• _Problem statement_:
Could you output each line below precisely as it stands, without the images?

• _Supplied material_:
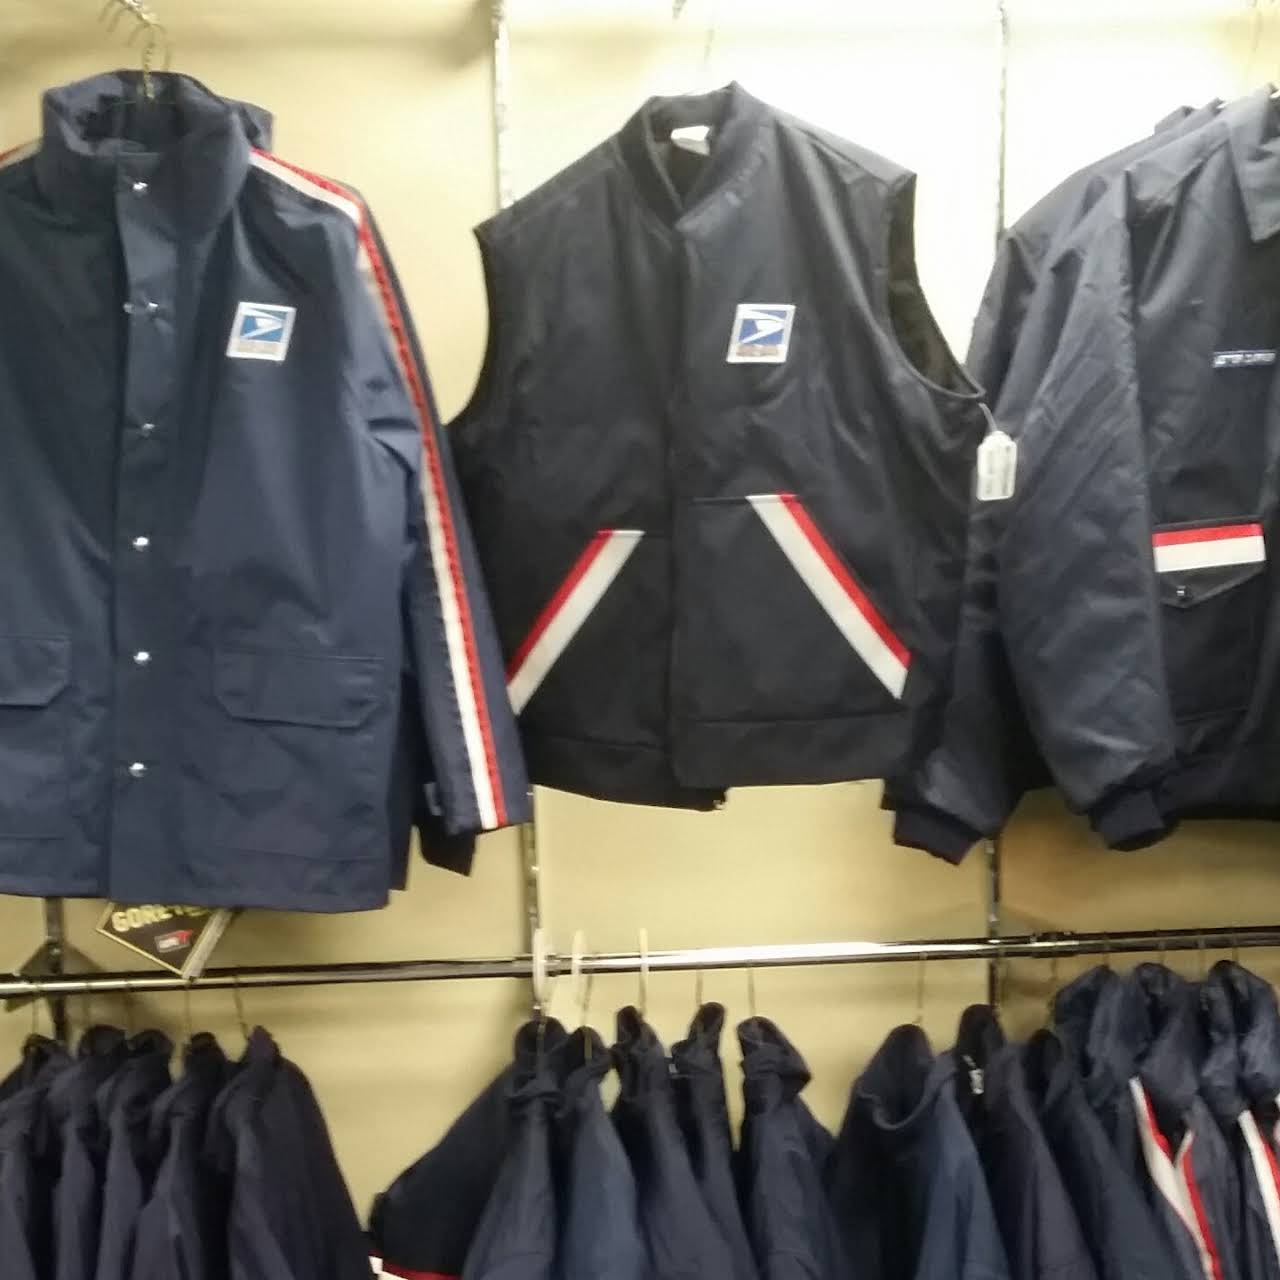 46c92205046 Uniform Bonus - USPS Postal Uniforms Supplier
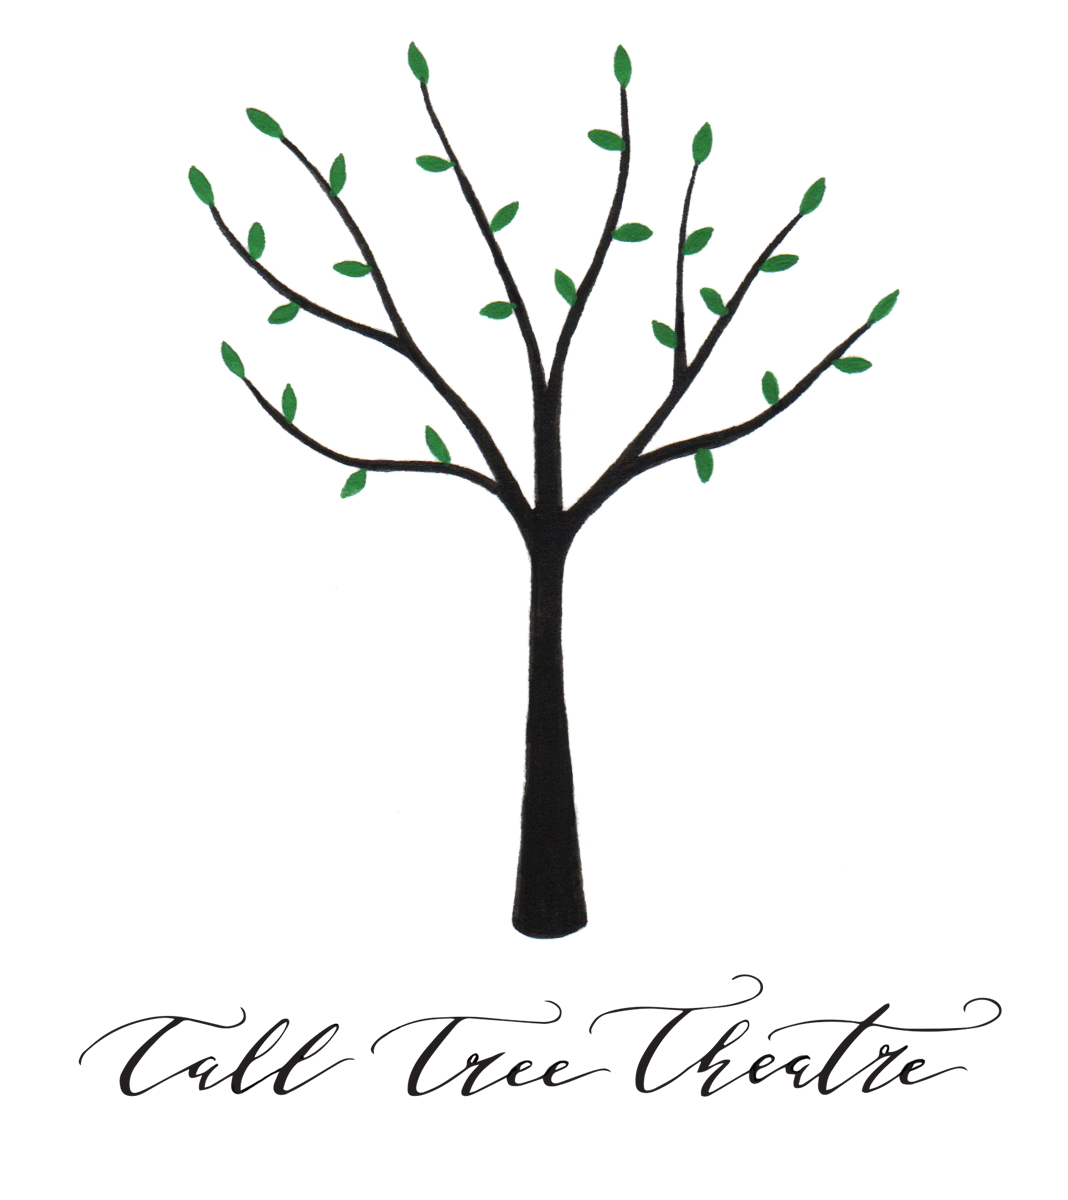 View member Tall Tree Theatre
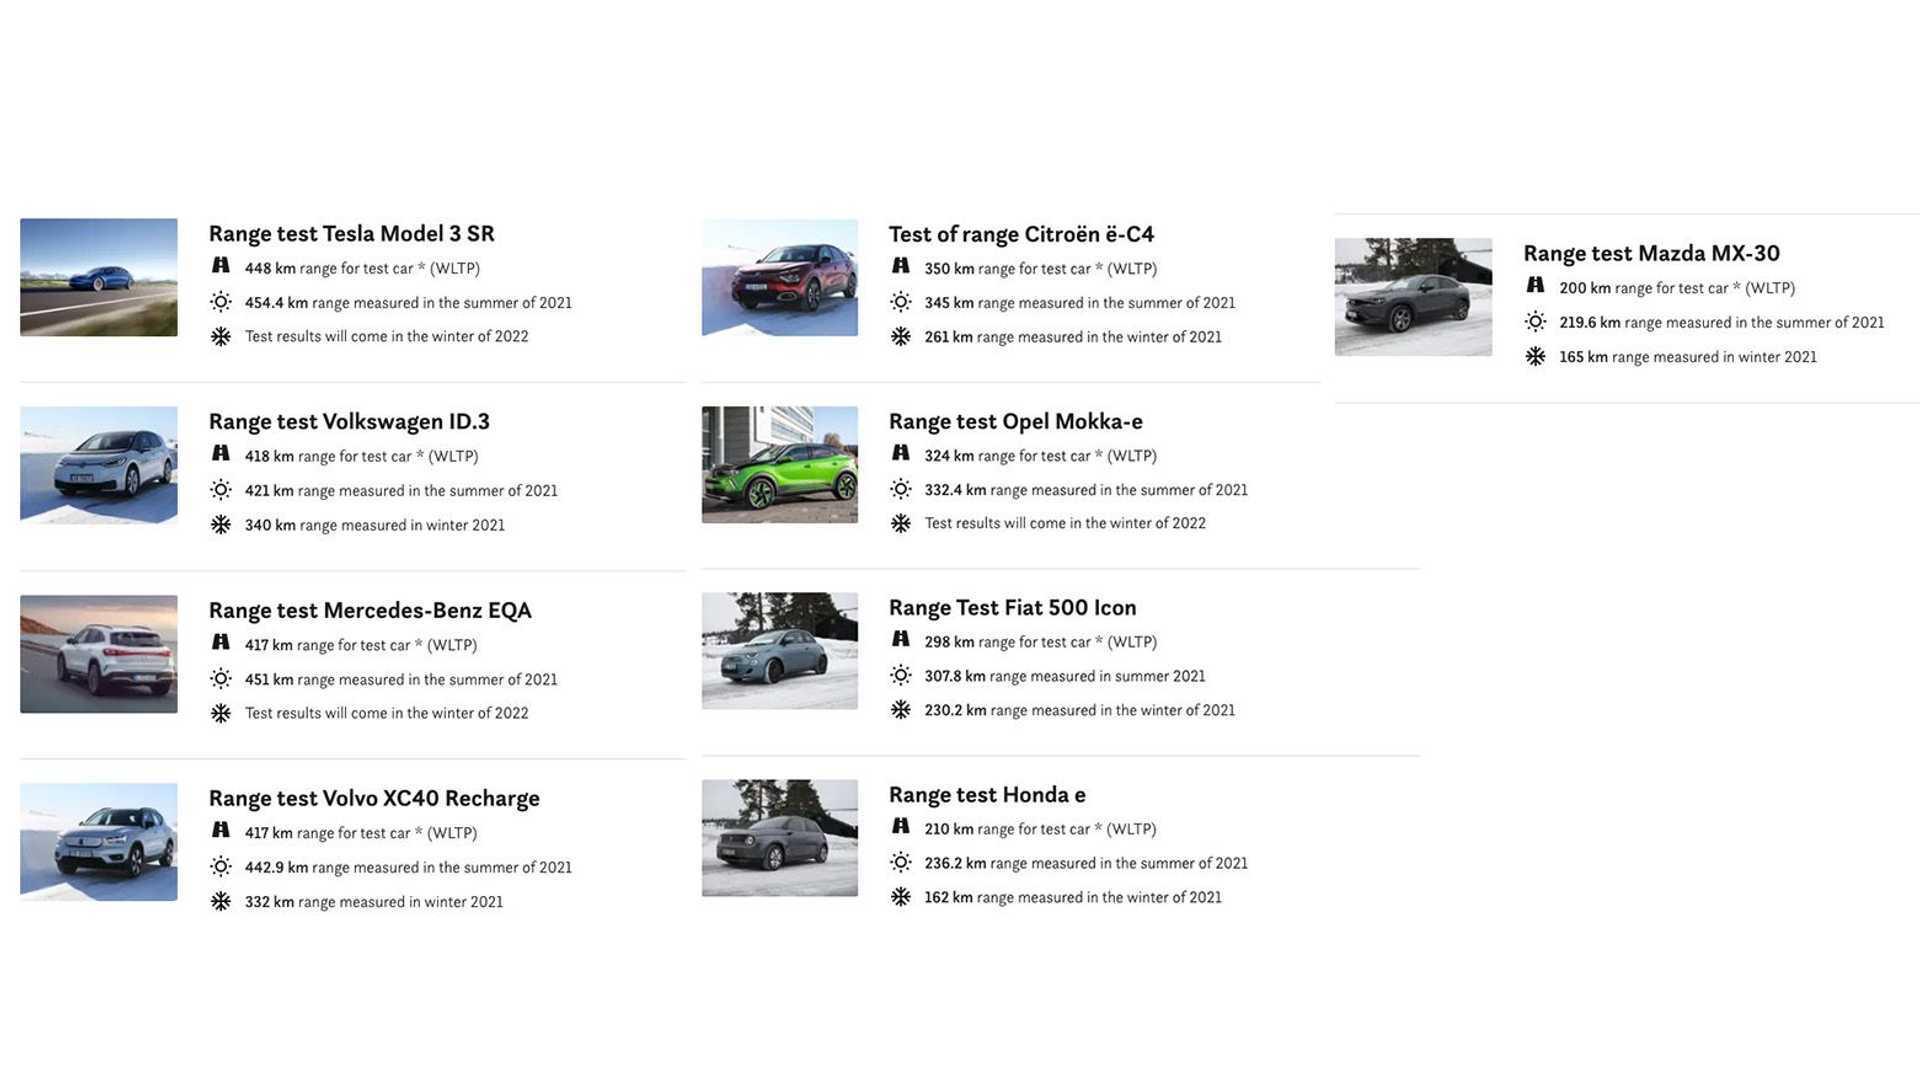 https://cdn.motor1.com/images/mgl/POln4/s6/naf-summer-electric-vehicle-range-test.jpg

• _Result of the task_:
 46c92205046 Uniform Bonus - USPS Postal Uniforms Supplier
 View member Tall Tree Theatre
 https://cdn.motor1.com/images/mgl/POln4/s6/naf-summer-electric-vehicle-range-test.jpg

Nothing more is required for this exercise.